Before submitting your exploits, you can check them by placing them in the same directory as bufbomb
and running make test
. This will output a summary of your exploits (the Makefile looks for all the files ending with .txt
and sends the contents of each to bufbomb
, one by one) and whether they succeed.
Submit your FOUR completed files listed above to the "Lab 3" assignment on Gradescope.
If you completed the bonus question, submit your completed dynamite.txt
and your UW_ID.txt
files to the "Lab 3 Extra Credit" assignment on Gradescope.
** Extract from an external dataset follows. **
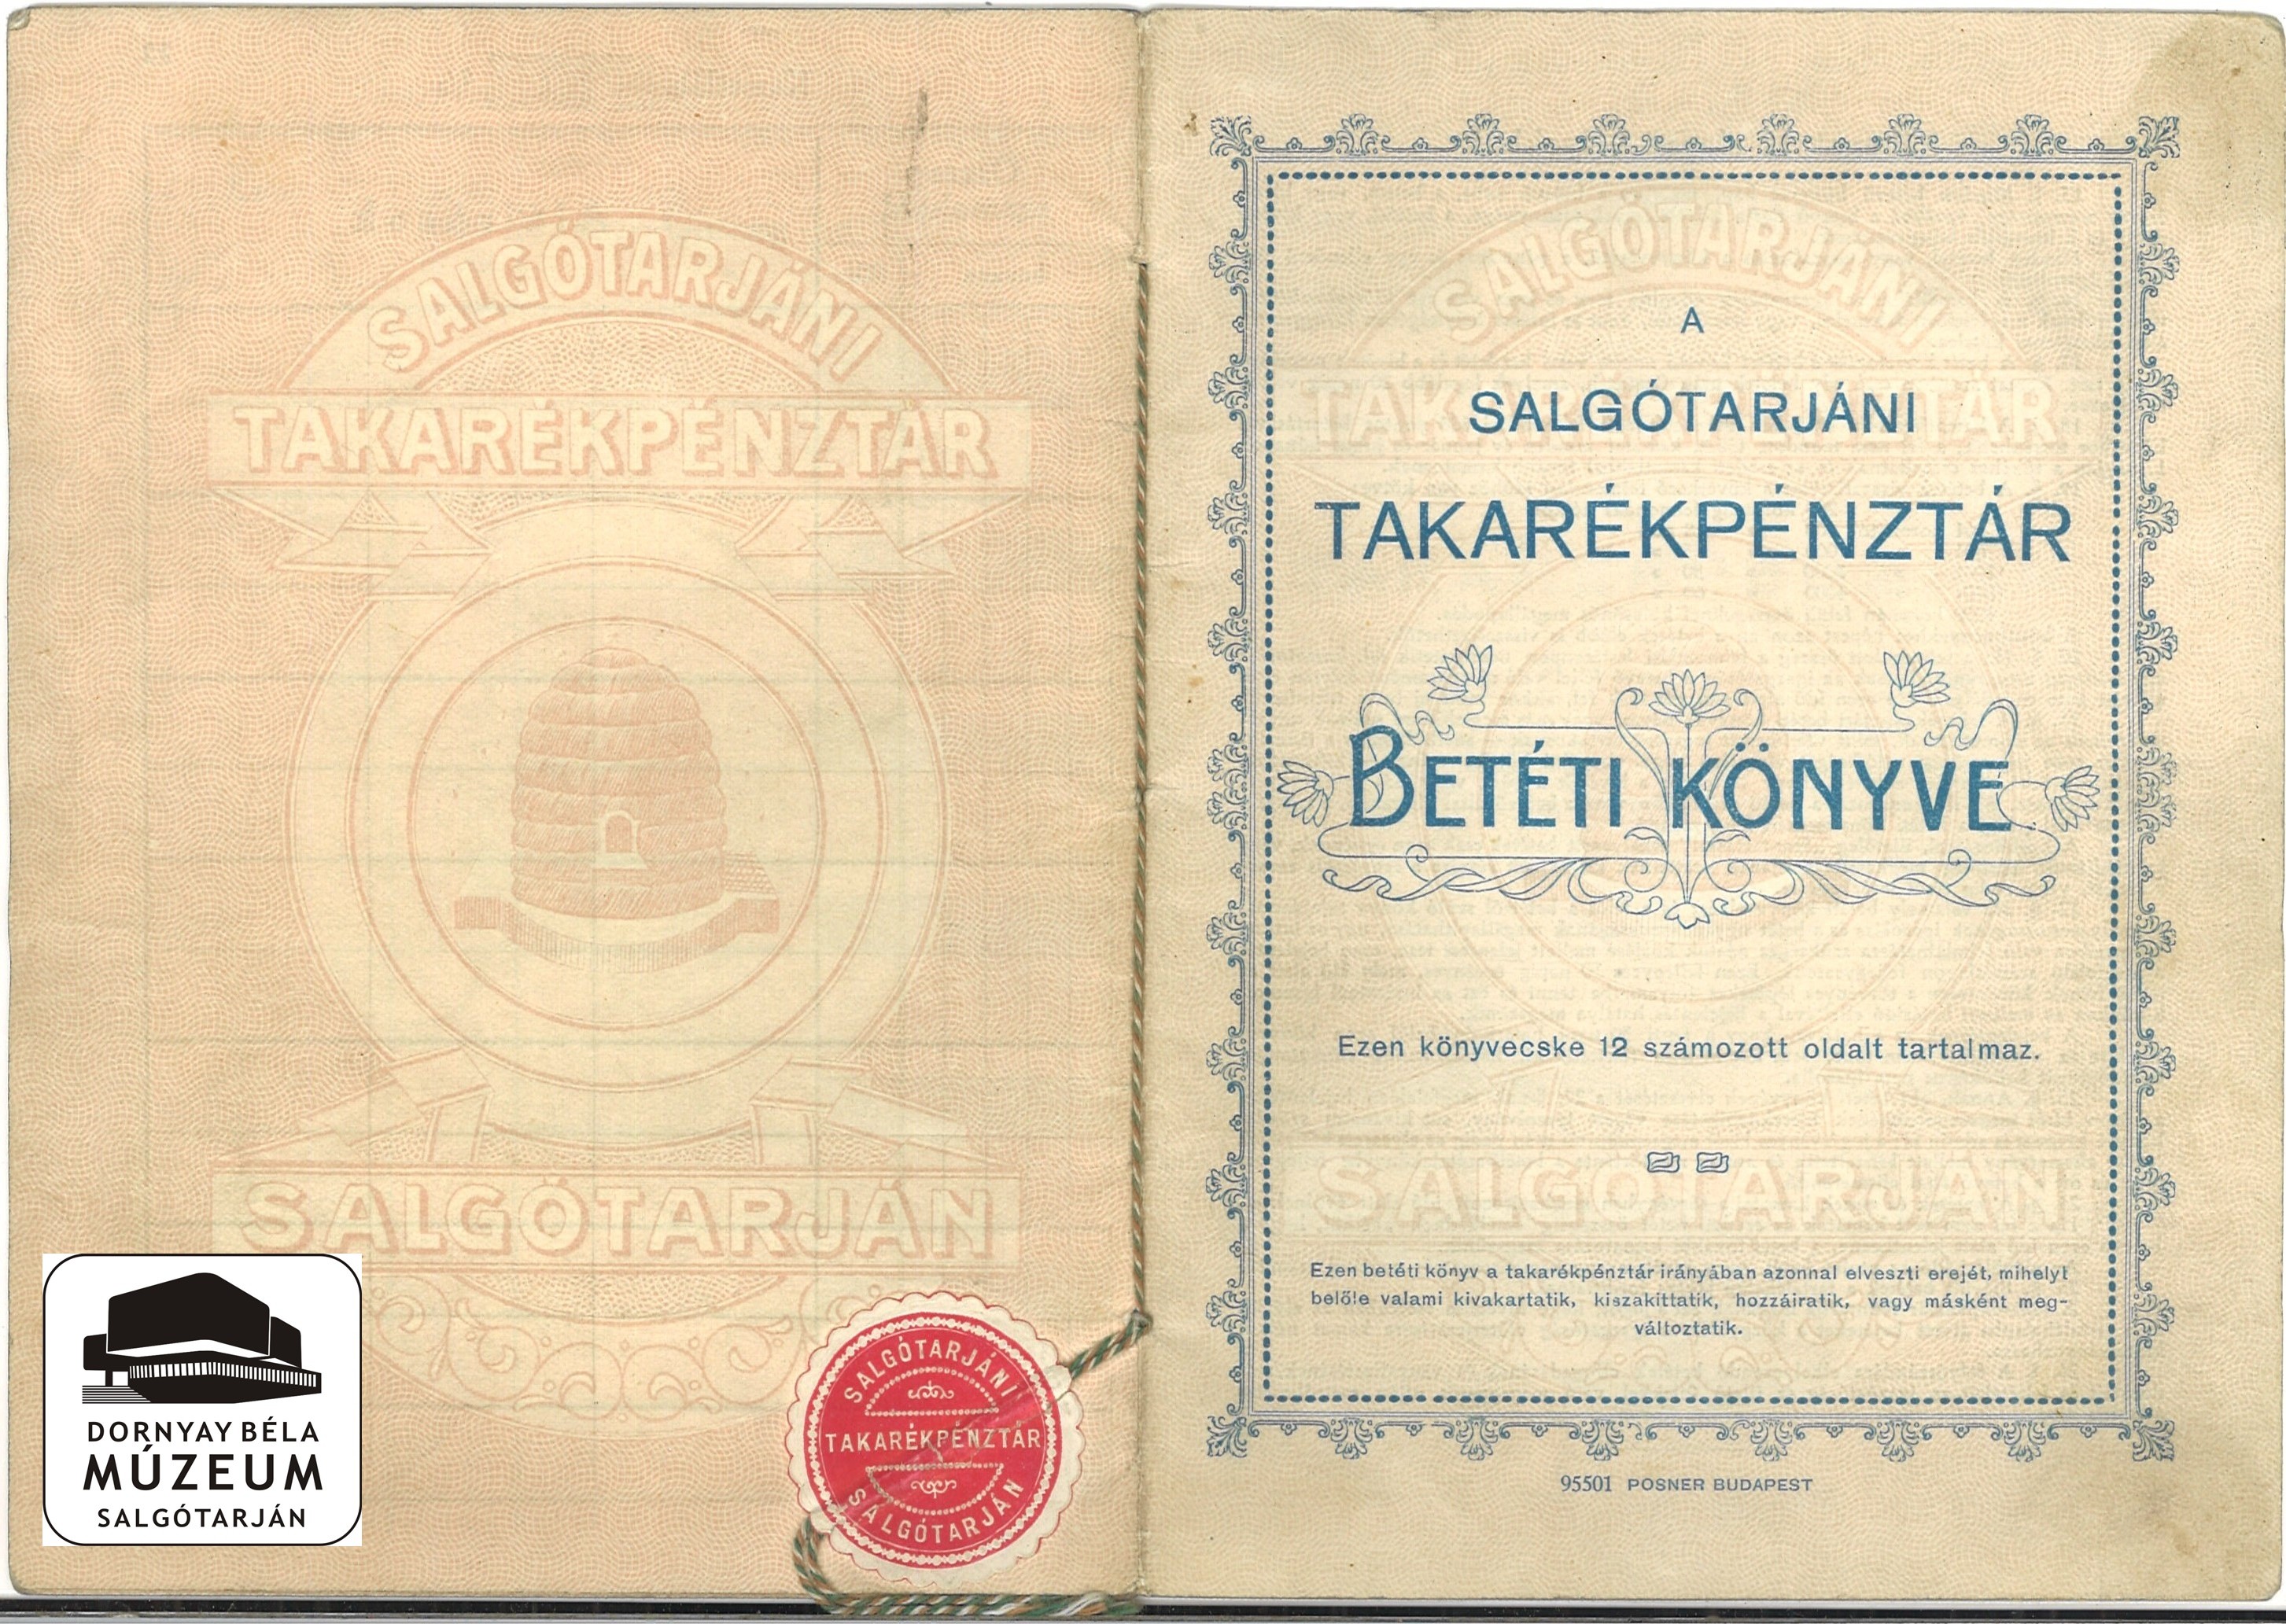 A Salgótarjáni Takarékpénztár betéti könyve. Demény Anna (Dornyay Béla Múzeum, Salgótarján CC BY-NC-SA)
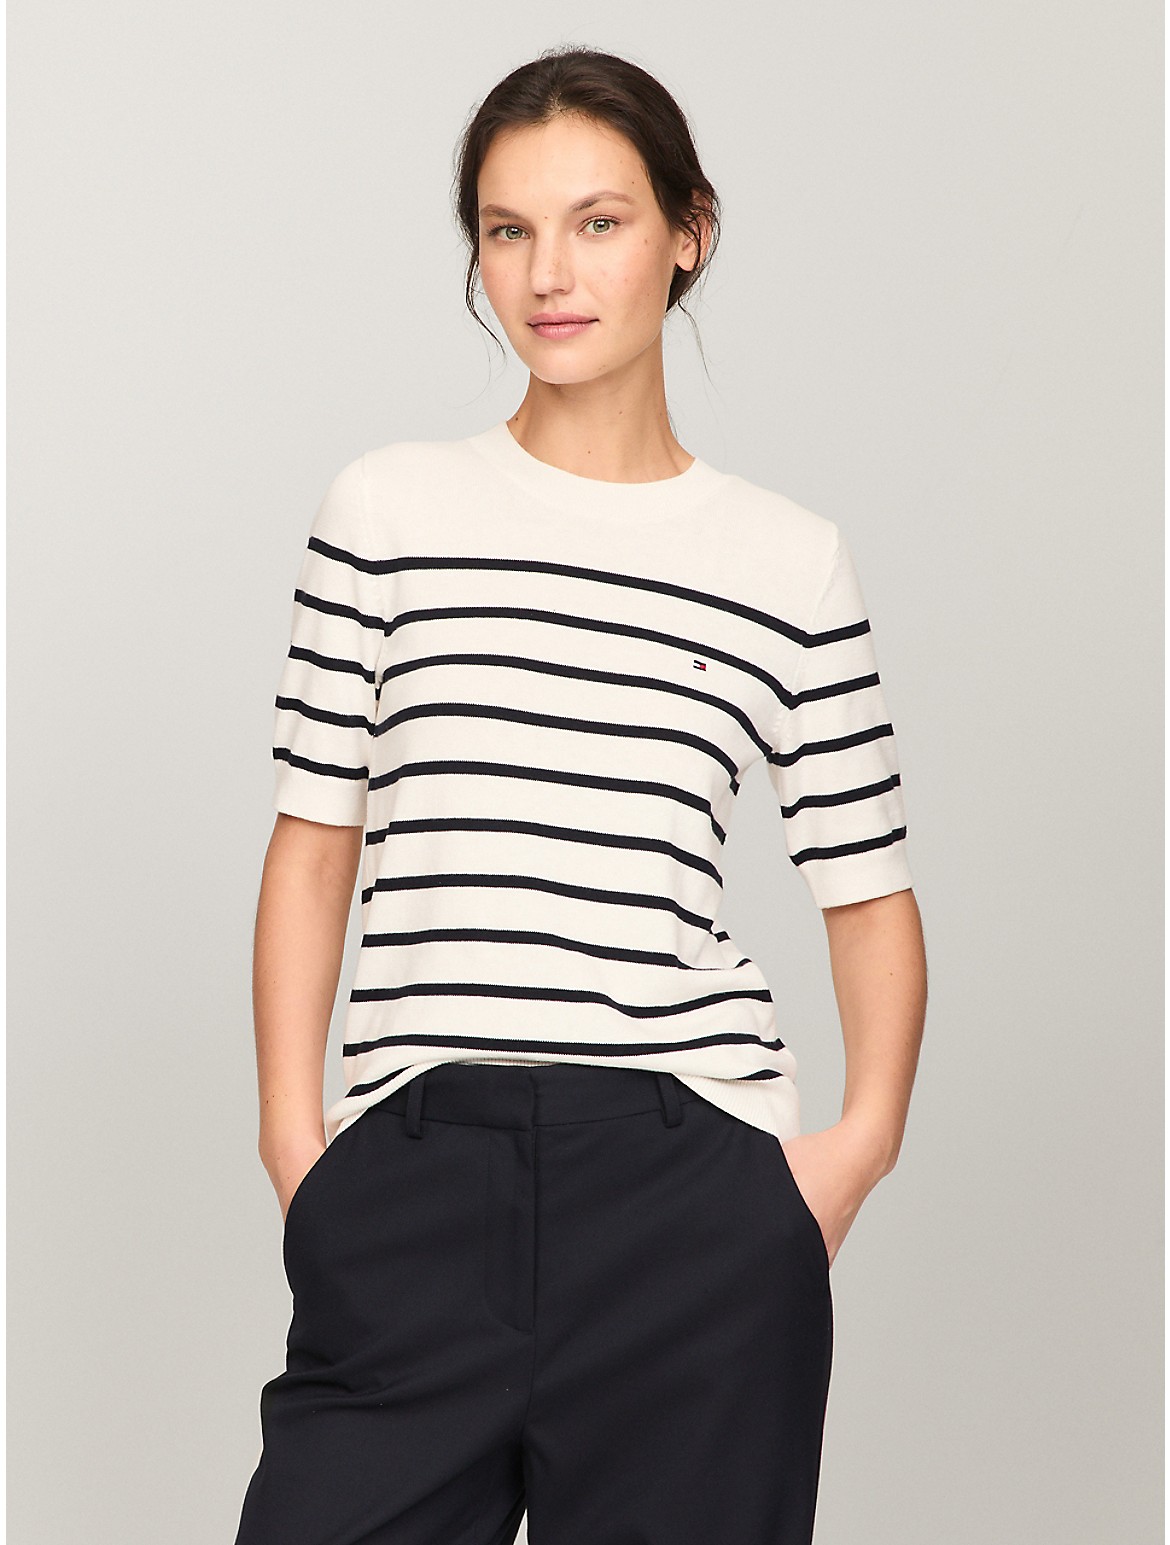 Tommy Hilfiger Women's Short-Sleeve Stripe Sweater

After submitting, please wait until the autograder is done running and double-check that you passed the "File Check" and "Compilation and Execution Issues" tests. If either test returns a score of -1, be sure to read the output and fix any problems before resubmitting. Failure to do so will result in a programming score of 0 for the lab.
It is fine to submit multiple times up until the deadline, we will only grade your last submission. NOTE that if you do re-submit, you MUST RE-submit ALL files again.